そのため、他の後遺障害のケースと異なり、手続きにあたっては、カルテを提出することが必ず必要になってきます。
さらに、高次脳機能障害の案件では、後遺障害診断書の記載はもちろん、そのほかにも、現在の被害者の方の日常生活の状況を記載する日常生活状況報告書や初診時の意識障害の程度を記載する書類、被害者の方の症状を医師がどのように判定しているかを示す医学的所見に関する書類を提出しなければなりません。
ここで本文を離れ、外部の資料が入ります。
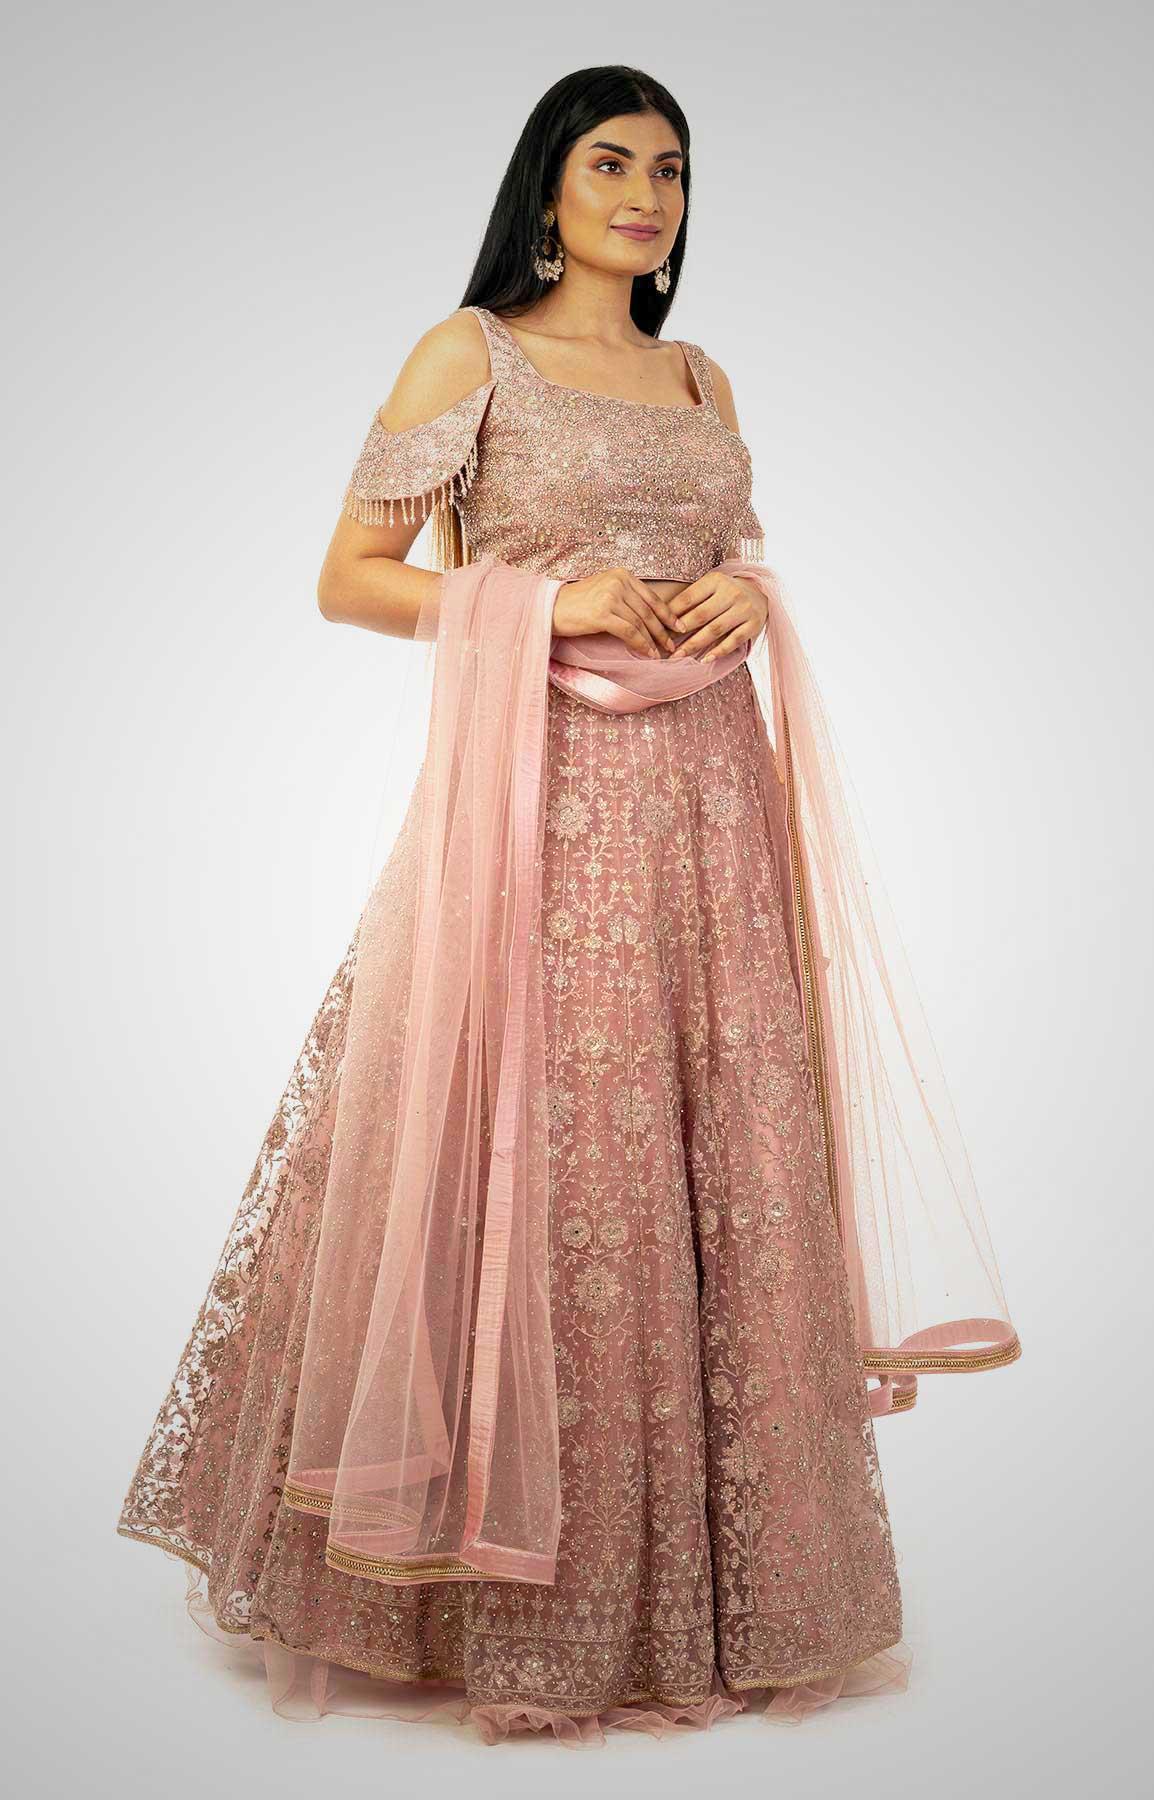 Onion Pink Net Lehenga  With Heavy Embroidery – Viraaya By Ushnakmals

日常生活状況報告書は、被害者のご家族が作成しますが、初診時の意識障害の程度に関する書類や医学的所見に関する書類は主治医に作成をお願いしなければなりません。
このように、高次脳機能障害の後遺障害の認定手続きは、申請に当たっての準備もそれだけ大変になってくるため、専門家である弁護士のサポートを受ける必要性が高いといえます。
後遺障害が認定されたあとに必要なこと
高次脳機能障害の後遺障害の認定手続きが終わったあとには、保険会社との示談交渉が必要です。
このとき、高次脳機能障害の事案では、通常の後遺障害慰謝料や逸失利益という項目についての交渉はもちろん、近親者の精神的な苦痛を補償してもらう近親者慰謝料や近親者の介護費用、これから先の介護費用(将来介護費)、自宅のリフォーム費用といったものも保険会社と話し合う必要があります。
おのずと、請求する賠償金の額も高額になってきますし、被害者の方がご自身で保険会社と交渉する金額と弁護士が代理人として交渉する金額ではその額が大幅に変わってくることも多くあります。
示談交渉に当たっても、専門家である弁護士に相談をして進めてくのが適切な補償を得るためにも必要になってきます。
最後に
このように、高次脳機能障害の問題は、交通事故の中でも非常に難しい分野であるといえます。
そのため、交通事故で頭部にけがを負った場合には、被害者だけでなく、専門家である弁護士のサポートを受けることが適切だといえます。
その際には、家族や周りのサポートも非常に重要になりますので、協力体制をいかに築くかが大きなポイントになります。